== About this task ==
Copy nothing but the text: reproduce each line of the listing exactly and leave the pictures out.

== The data ==
"""
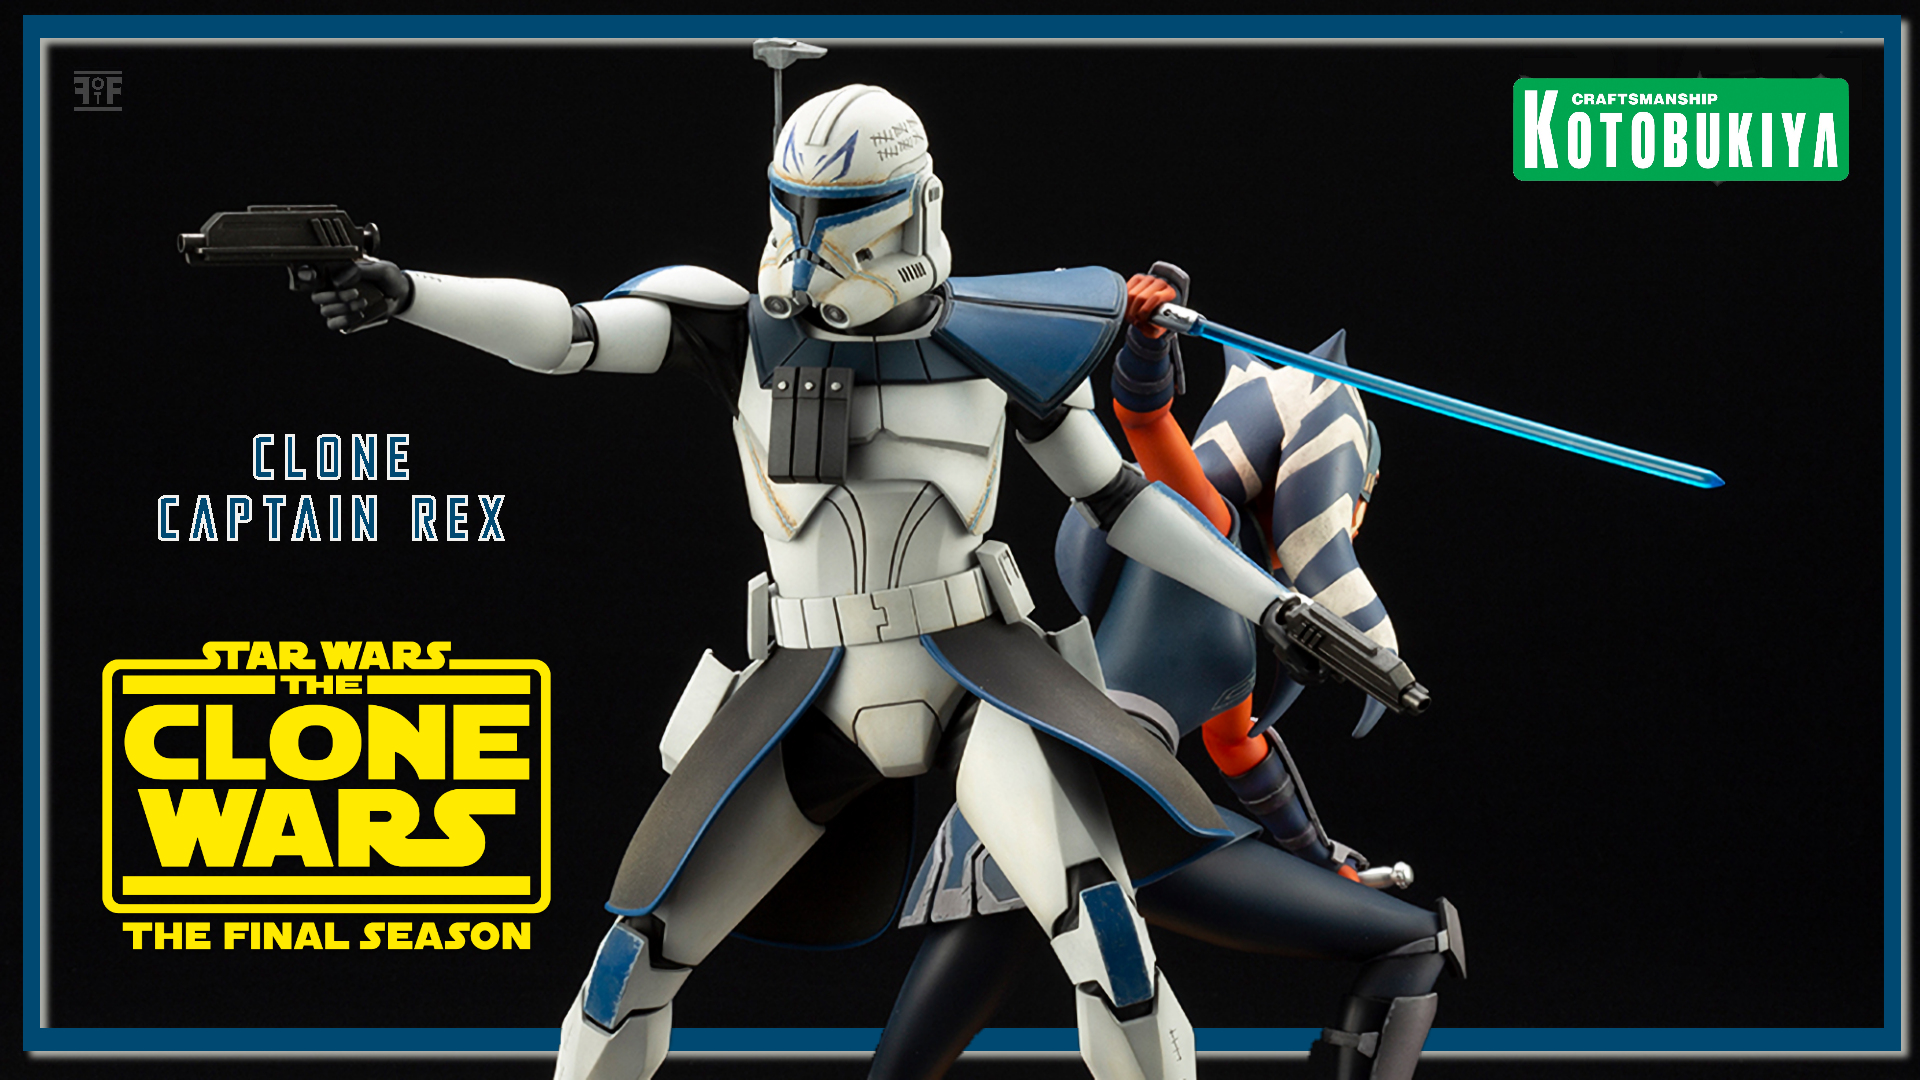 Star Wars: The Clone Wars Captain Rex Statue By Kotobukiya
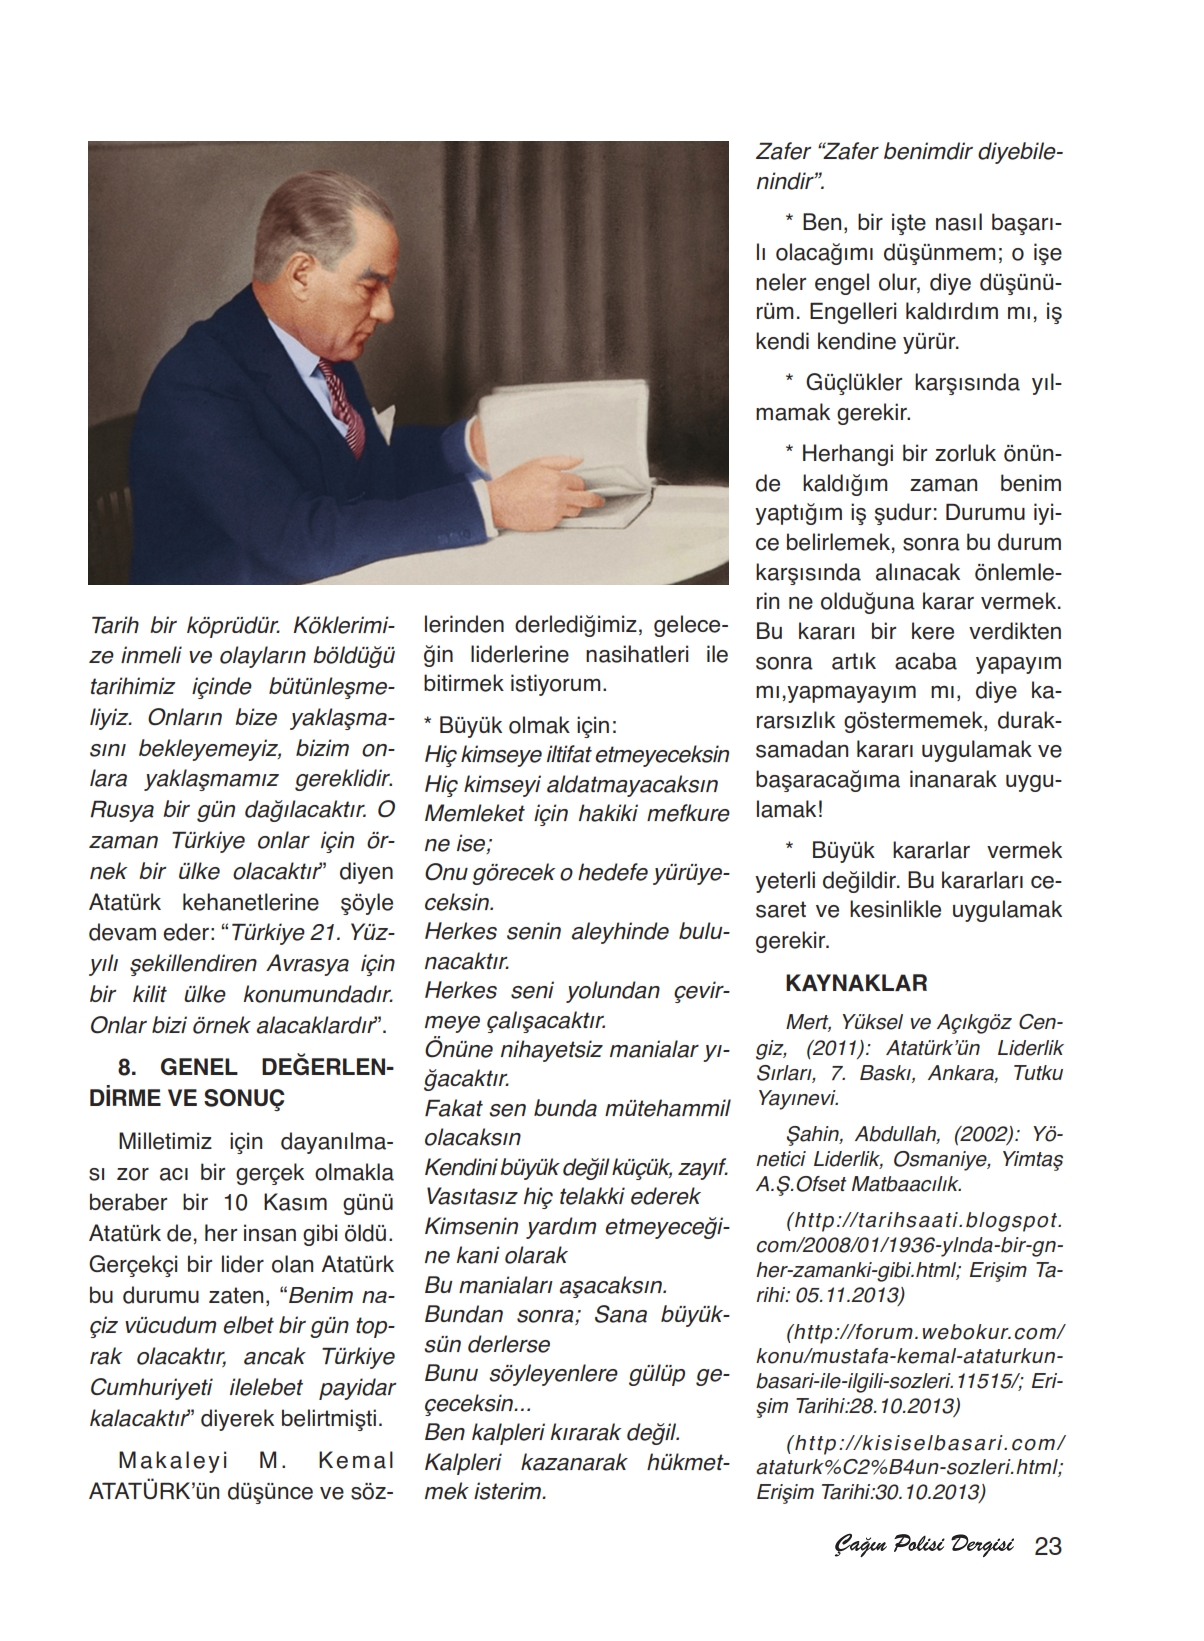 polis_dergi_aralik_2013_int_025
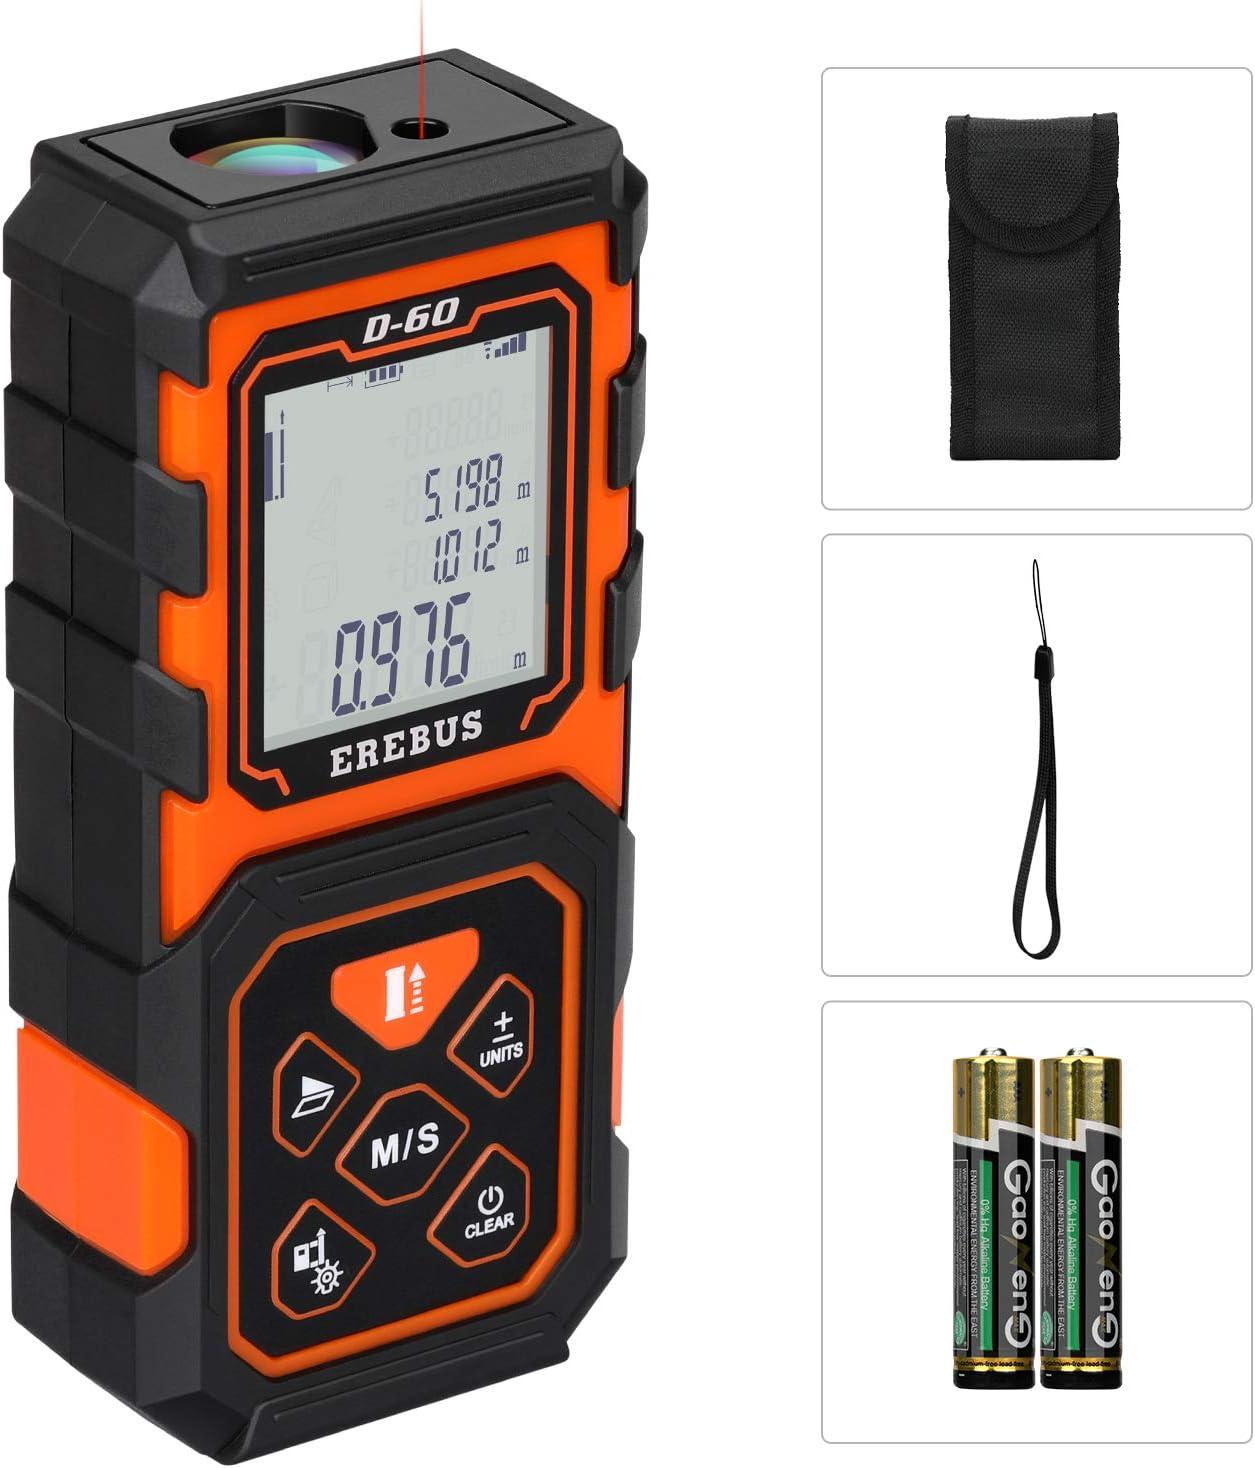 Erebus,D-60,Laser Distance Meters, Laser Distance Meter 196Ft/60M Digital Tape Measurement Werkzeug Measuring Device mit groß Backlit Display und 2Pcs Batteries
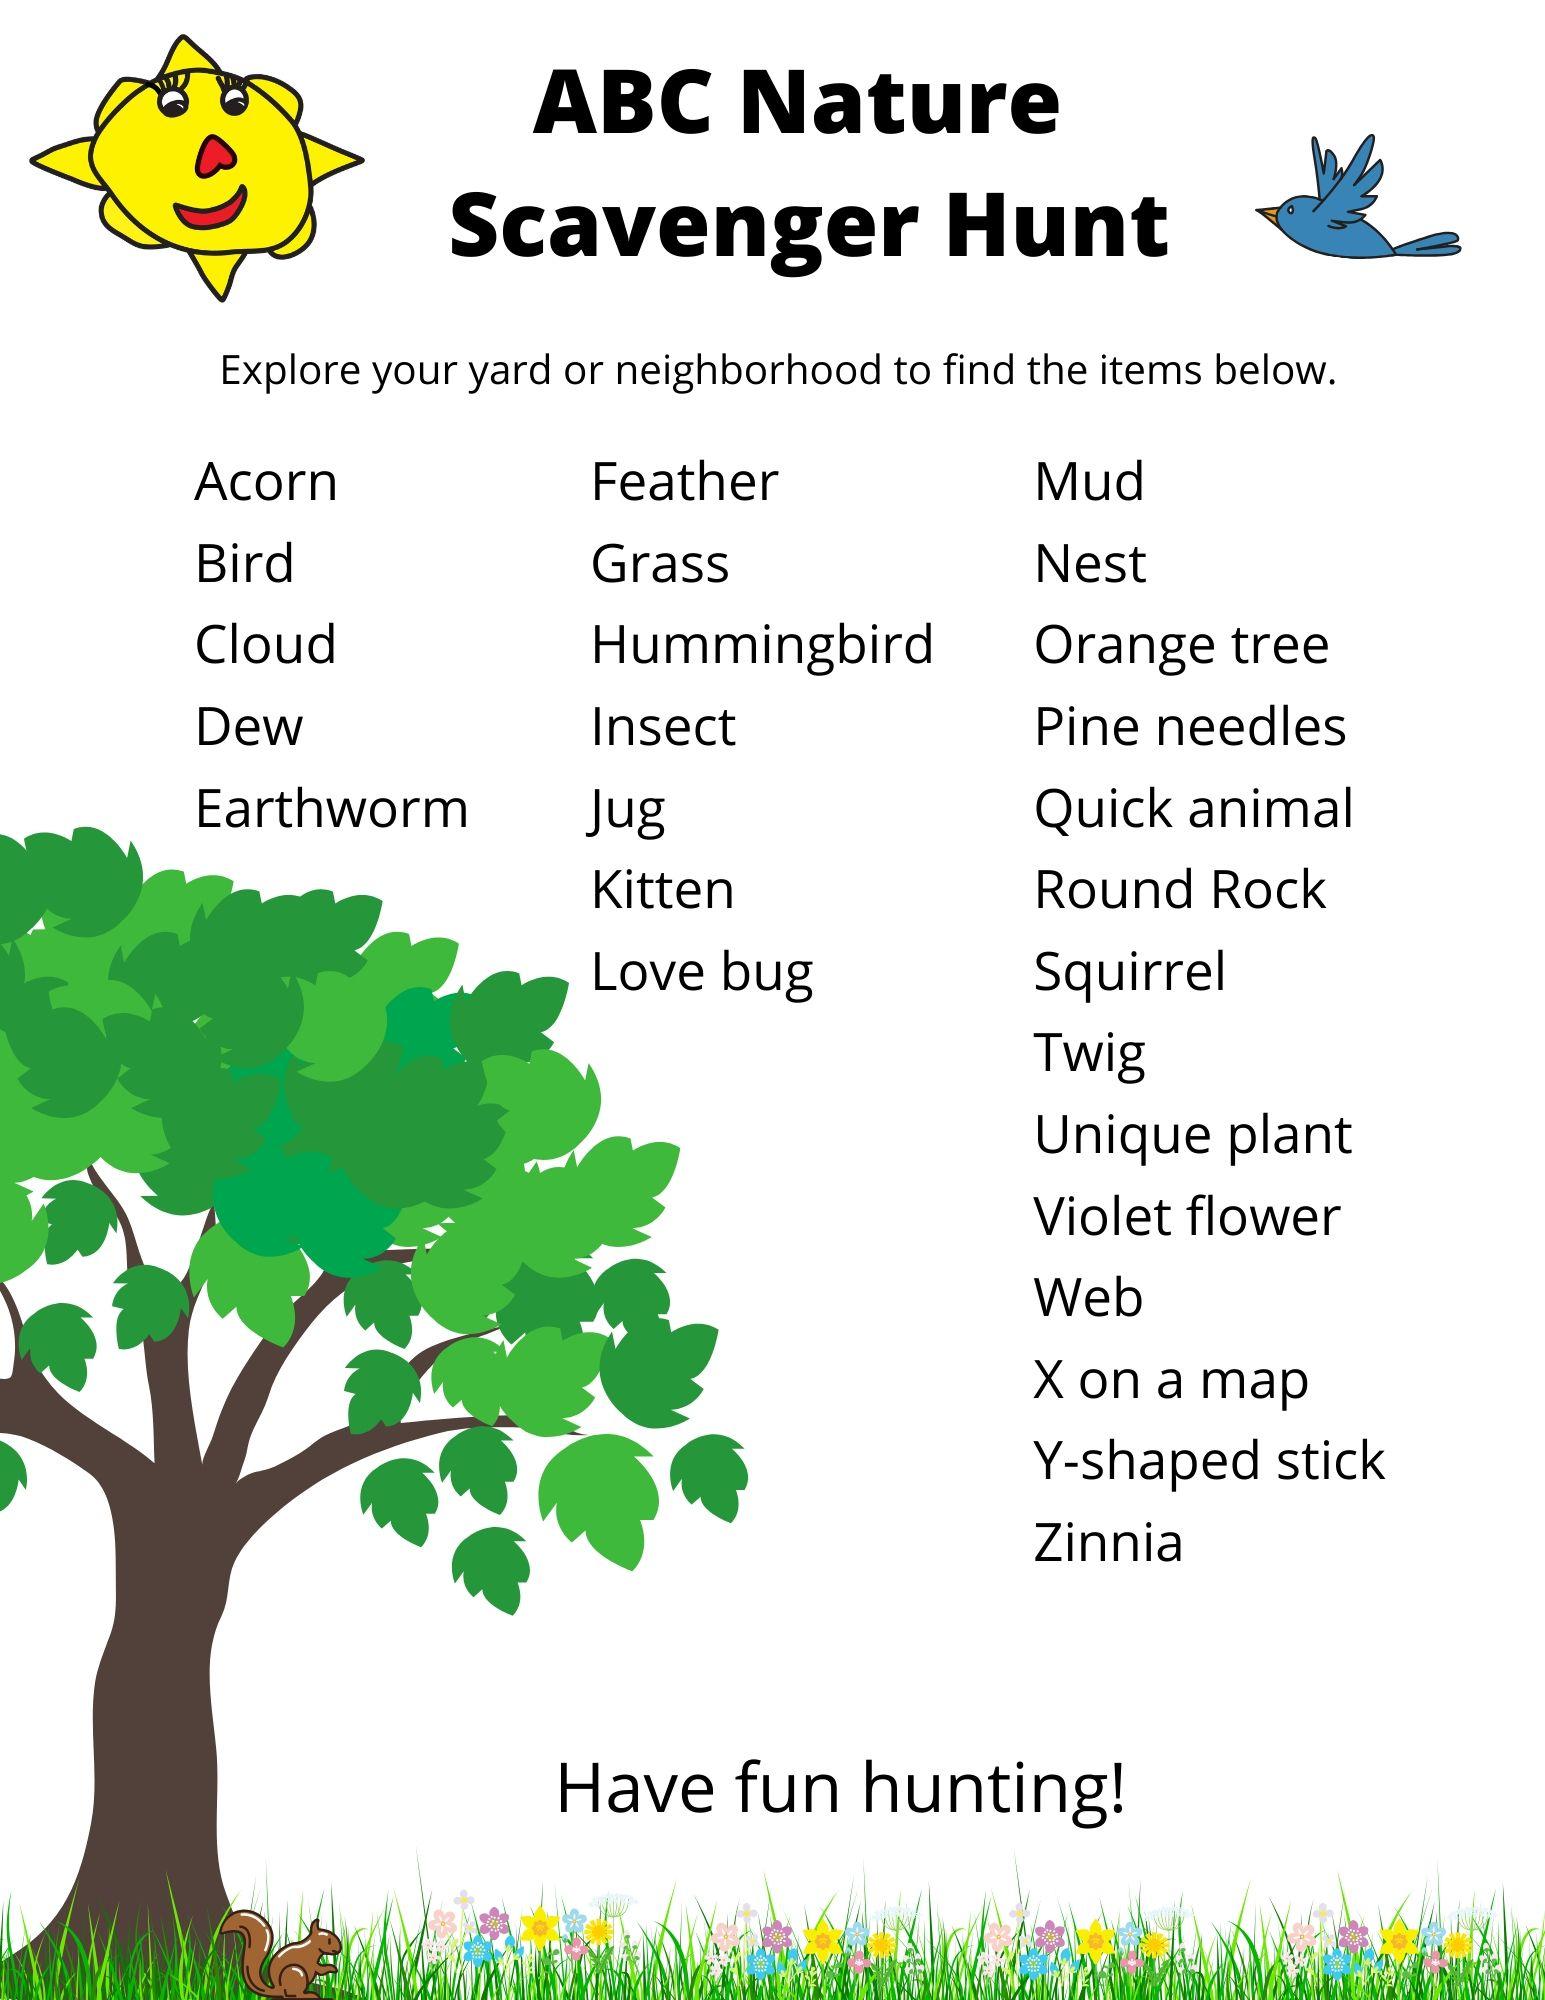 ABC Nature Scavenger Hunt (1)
"""
== Response ==
 Star Wars: The Clone Wars Captain Rex Statue By Kotobukiya
 polis_dergi_aralik_2013_int_025
 Erebus,D-60,Laser Distance Meters, Laser Distance Meter 196Ft/60M Digital Tape Measurement Werkzeug Measuring Device mit groß Backlit Display und 2Pcs Batteries
 ABC Nature Scavenger Hunt (1)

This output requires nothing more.